URLS = ['http://www.foxnews.com/',
        'http://www.cnn.com/',
        'http://europe.wsj.com/',
        'http://www.bbc.co.uk/',
        'http://some-made-up-domain.com/']

def feed_the_workers(spacing):
    """ Simulate outside actors sending in work to do, request each url twice """
    for url in URLS + URLS:
        time.sleep(spacing)
        q.put(url)
    return "DONE FEEDING"

def load_url(url, timeout):
    """ Retrieve a single page and report the URL and contents """
    with urllib.request.urlopen(url, timeout=timeout) as conn:
        return conn.read()

# We can use a with statement to ensure threads are cleaned up promptly
with concurrent.futures.ThreadPoolExecutor(max_workers=5) as executor:

    # start a future for a thread which sends work in through the queue
    future_to_url = {
        executor.submit(feed_the_workers, 0.25): 'FEEDER DONE'}

    while future_to_url:
        # check for status of the futures which are currently working
        done, not_done = concurrent.futures.wait(
            future_to_url, timeout=0.25,
            return_when=concurrent.futures.FIRST_COMPLETED)

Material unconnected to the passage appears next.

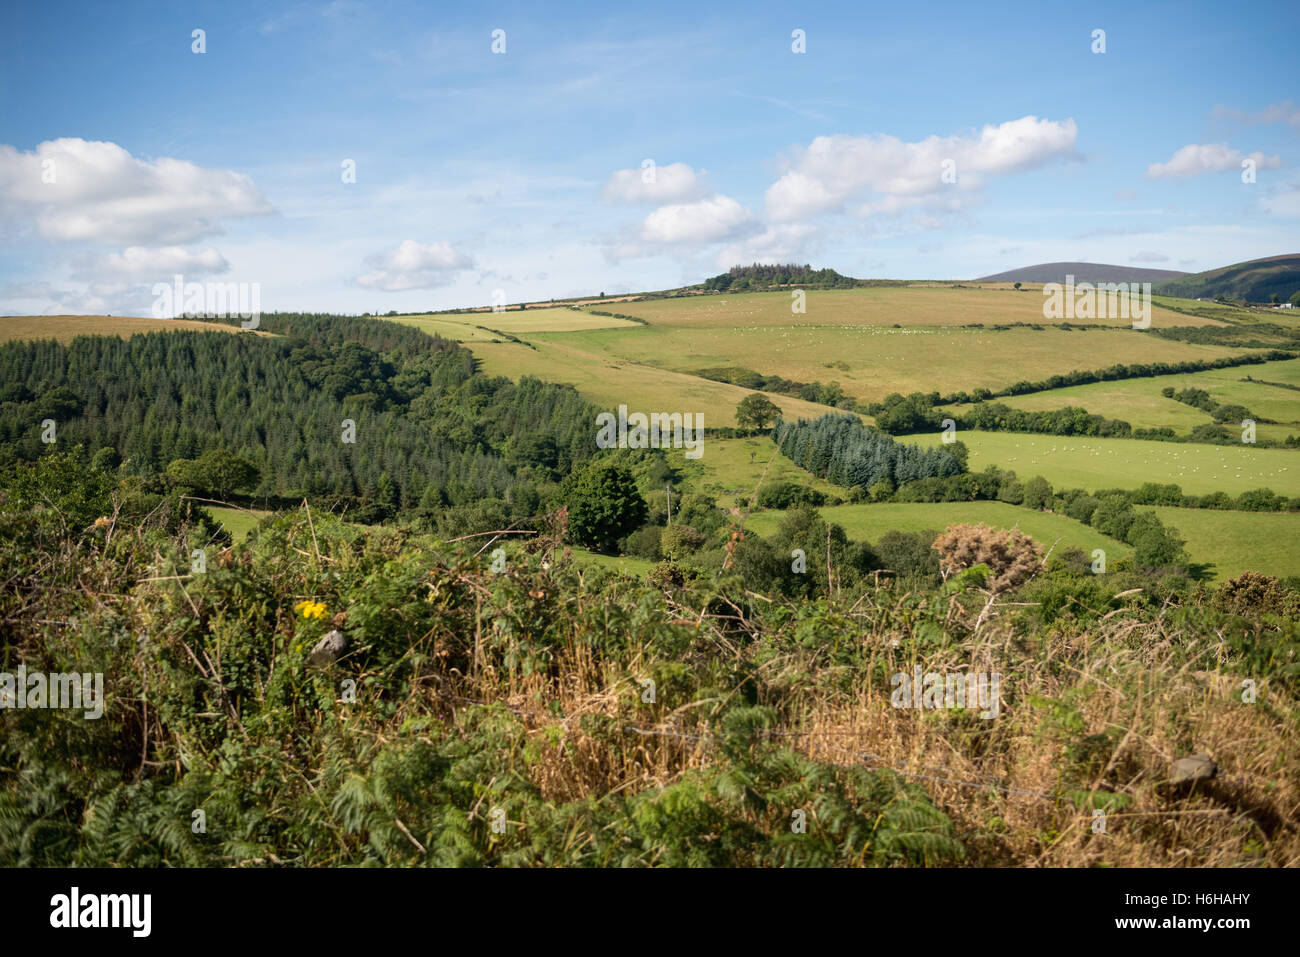 The rolling countryside with farmer's fields in the Republic of Ireland. The countryside is lush and green. Stock Photo

        # if there is incoming work, start a new future
        while not q.empty():

            # fetch a url from the queue
            url = q.get()

            # Start the load operation and mark the future with its URL
            future_to_url[executor.submit(load_url, url, 60)] = url

        # process any completed futures
        for future in done:
            url = future_to_url[future]
            try:
                data = future.result()
            except Exception as exc:
                print('%r generated an exception: %s' % (url, exc))
            else:
                if url == 'FEEDER DONE':
                    print(data)
                else:
                    print('%r page is %d bytes' % (url, len(data)))

            # remove the now completed future
            del future_to_url[future]

Output from fetching each url twice:

'http://www.foxnews.com/' page is 67574 bytes
'http://www.cnn.com/' page is 136975 bytes
'http://www.bbc.co.uk/' page is 193780 bytes
'http://some-made-up-domain.com/' page is 896 bytes
'http://www.foxnews.com/' page is 67574 bytes
'http://www.cnn.com/' page is 136975 bytes
DONE FEEDING
'http://www.bbc.co.uk/' page is 193605 bytes
'http://some-made-up-domain.com/' page is 896 bytes
'http://europe.wsj.com/' page is 874649 bytes
'http://europe.wsj.com/' page is 874649 bytes

Solution 2

At work I found a situation where I wanted to do parallel work on an unbounded stream of data. I created a small library inspired by the excellent answer already provided by Stephen Rauch.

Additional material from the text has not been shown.